In the connected component example, it is necessary for every vertex to keep track of its component id over time. The approach works for any algorithm based on label propagation, at the expense of needing to keep algorithm-specific state.

The question of time

GraphStream splits time into non-overlapping intervals, and stores all the inputs received during these intervals in batches (worker nodes are synchronized using NTP).  Such intervals are based on receive time, there is also an option to process based on external timestamps (event time) which requires either the introduction of limited slack time to wait for late events, or application specific code to correct for late records.

Each interval’s updates reflects all of the input received until then. This is despite the fact that the DeltaRDD and its updated graph snapshot are distributed across nodes. As long as we process the whole batch consistently (e.g. ordered by timestamps), we will get a consistent snapshot. This makes distributed state much easier to reason about and is the same as “exactly once” processing of the graph updates even with faults or stragglers.

GraphStream inherits its recovery mechanisms from GraphX and its RDDs: parallel recovery of lost state and speculative execution.

Programming with GraphTau

The GraphStream interface supports transform, merge, streamingBSP, and forEachGraph operations as well an updateLocalState operator to allow for event processing and state tracking.

• mergeByWindow merges all graphs from a sliding window of past time intervals into one graph
• forEachGraph applies a function to each graph generated from the GraphStream
• transformWith combines two graph streams with various join and cogroup operators.
• the streamingBSP operator supports differential computation

This [streamingBSP] operator enables efficient implementation of a large class of incremental algorithms on time-evolving graphs.
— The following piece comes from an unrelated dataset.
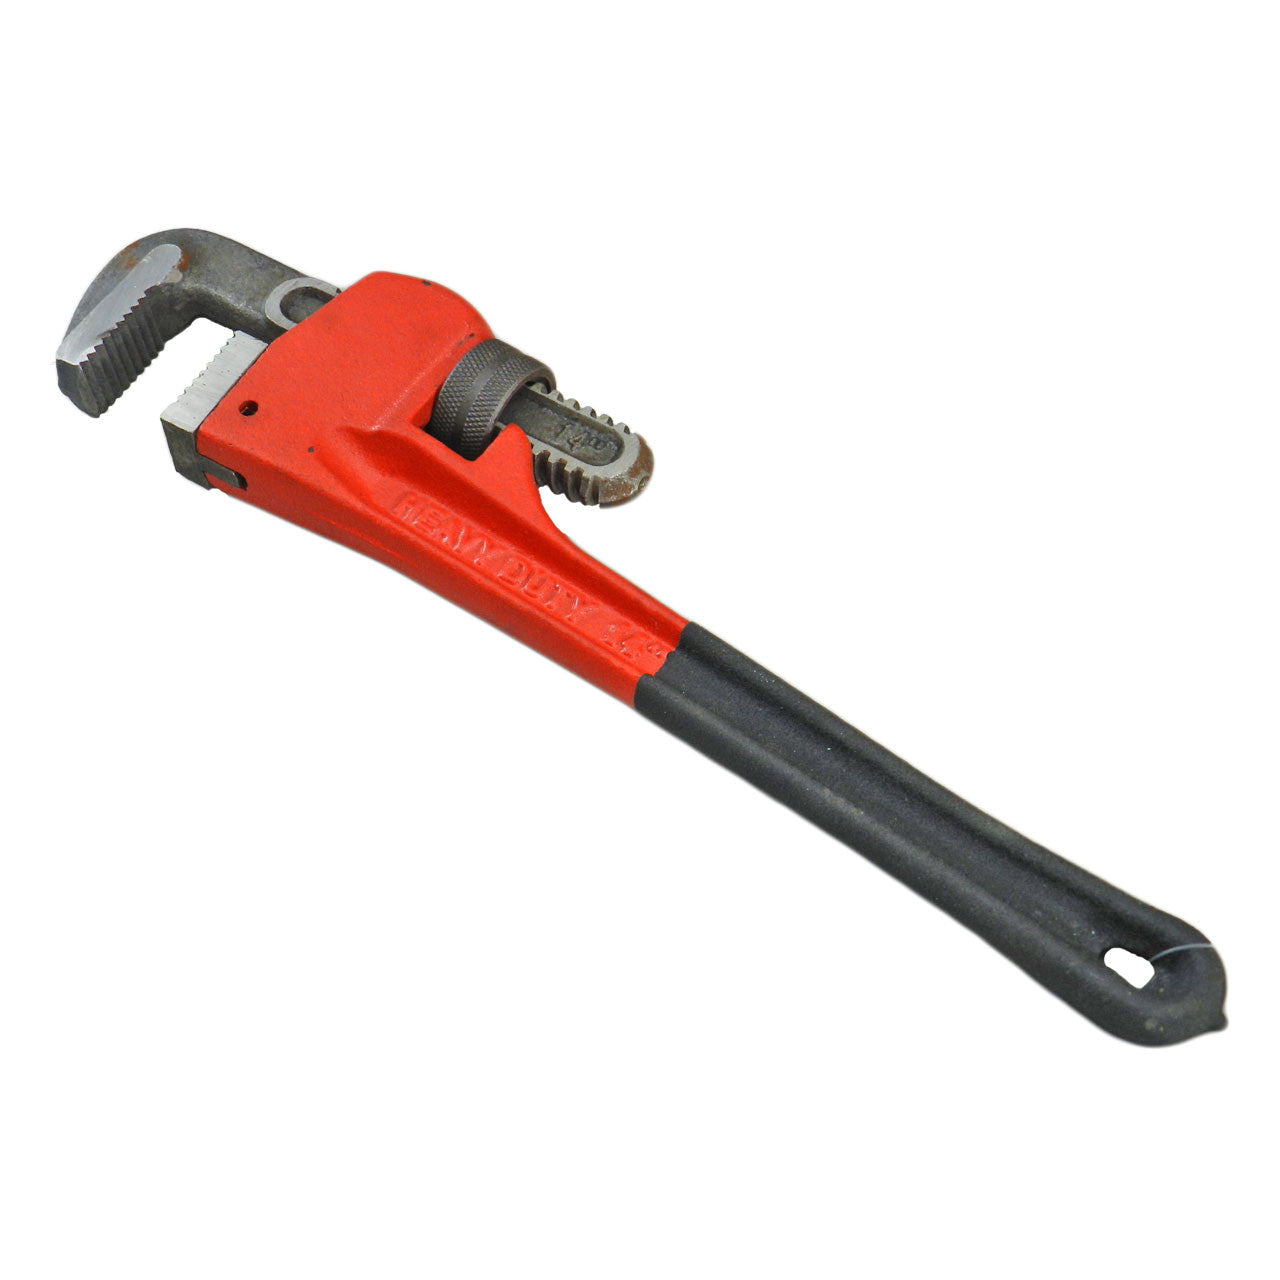 Pipe Wrench - Heavy Duty

We signal the availability of the new graph snapshot using a variable in the driver program. In each iteration of Pregel, we check whether a new graph is available. If so, we do not proceed to the next iteration on the current graph. Instead, we resume computation on the new graph reusing the result, where only vertices in the new active set continue message passing. The new active set is a function of the old active set and the changes between the new graph and the old graph. For a large class of algorithms (e.g. incremental PageRank), the new active set includes vertices from the old set, any new vertices, and vertices with edge additions and deletions.

Here’s what the Page Rank example looks like:

Even on a simple six-node graph where one edge is added after 10 iterations, this saves 13/34 iterations overall.

Here’s another example GraphTau program, showing the ability to unify data and graph stream processing.

This example computes top users in terms of triangle counts from a Twitter attention graph. A DStream ds is created from the external Twitter feed, and then a GraphStream is built from it. Triangle count is applied to each graph snapshot, and then we compute the number of times a user is a top user over a sliding window of ten seconds, outputting results every second.

Preliminary evaluation shows that GraphTau’s performances matches or exceeds that of specialized systems on a streaming connected components task based on a cellular dataset.

The last word…

In this paper, we presented GraphTau, a time-evolving graph processing system built on a data flow framework that addresses this demand. GraphTau represents time-evolving graphs as a series of consistent graph snapshots. On these snapshots, GraphTau enables two computational model, the Pause-Shift-Resume model and the Online Rectification model which allows the application of differential computation on a wide variety of graph algorithms. These techniques enable GraphTau to achieve significant performance improvements.